To be specific: I have list1 of URLs and list2 like:
['microsoft.com', 'ibm.com', 'cnn', '.ru'] etc
First list of URLs is huge (thousands of items), second list is smaller, like 500-1000. But simple match using "in" or sets is not enough, because second list items should be used as substring search. All I could think is two "for" loops, but they don't seem to by pythonic :)
PS Purpose is to remove matched items from first list.
Upvotes: 0
Views: 1434
Reputation: 363717
You can build a single, disjunctive regular expression from the strings to be matched, then use the search
method of the RE object to do the matching.
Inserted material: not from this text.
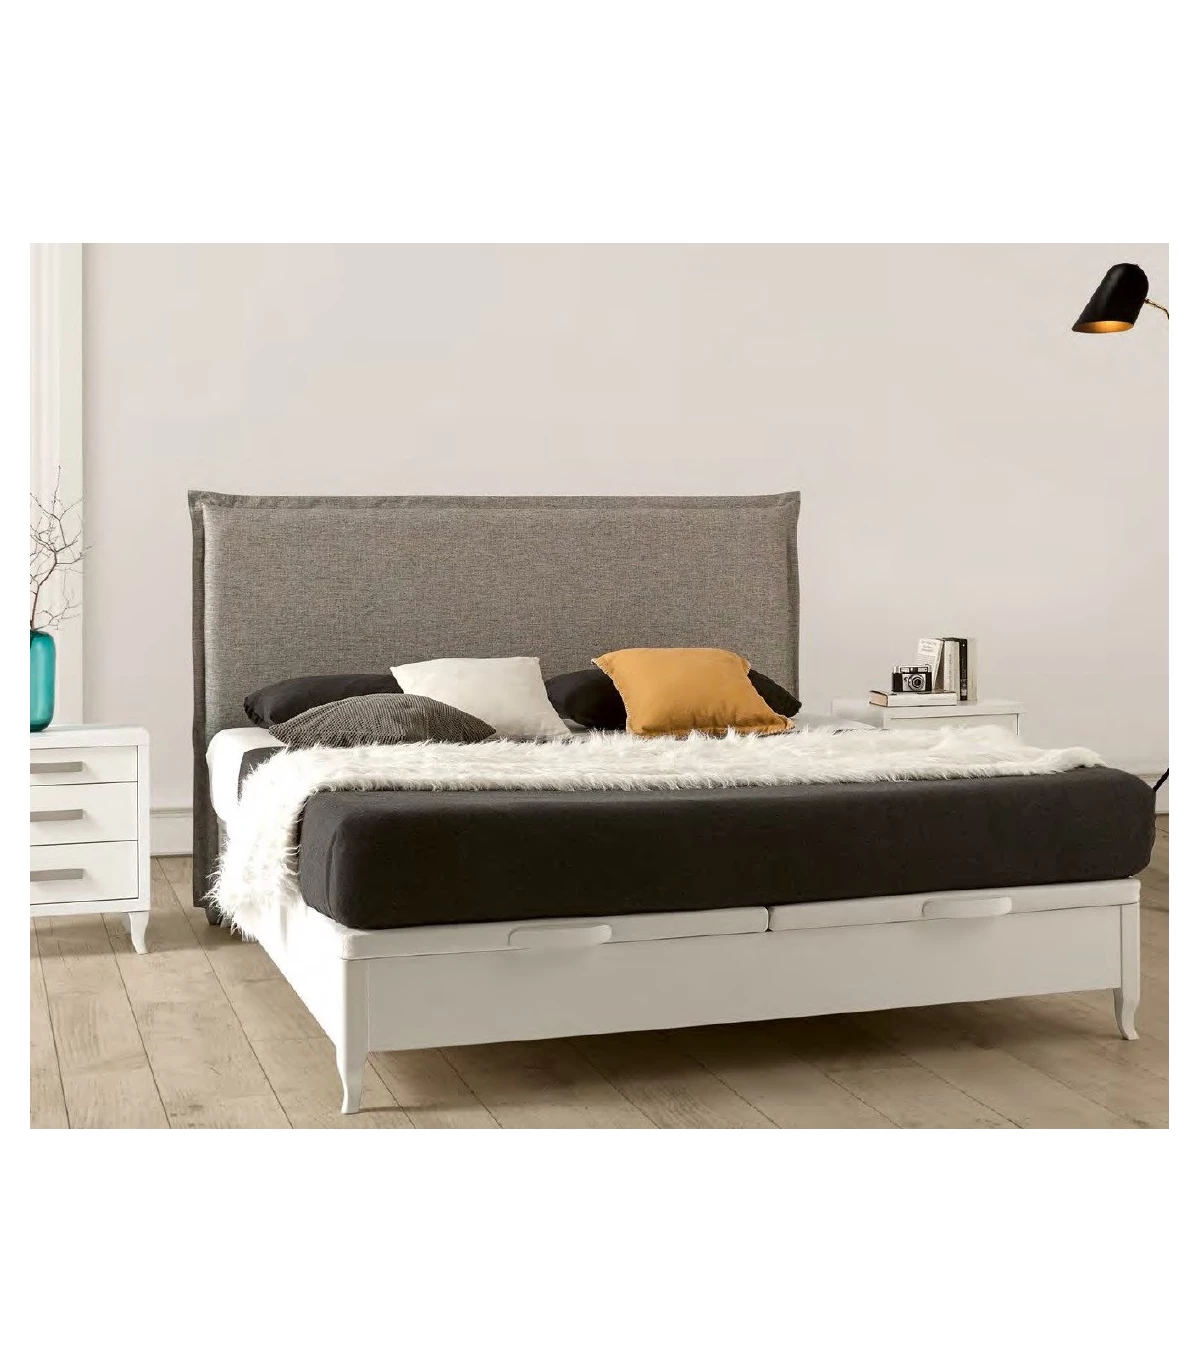  Sofá cama tamaño individual XL con 2 camas nido, cama

Be sure to re.escape
the strings before pasting them in the RE.
>>> import re
>>> substrings = ['microsoft.com', 'ibm.com', 'cnn', '.ru']
>>> pattern = "(?:%s)" % "|".join(map(re.escape, substrings))
>>> print(pattern)
(?:microsoft\.com|ibm\.com|cnn|\.ru)
>>> pattern = re.compile(pattern)
>>> [x for x in ["www.microsoft.com", "example.com", "foo.ru"]
... if not pattern.search(x)]
['example.com']
Upvotes: 3
Reputation: 3037
Is this what you expected?
one=['microsoft.com', 'ibm.com', 'cnn', '.ru']
two=['.com']
filtered=[o for o in one for t in two if o.find(t)!=-1]
Upvotes: 0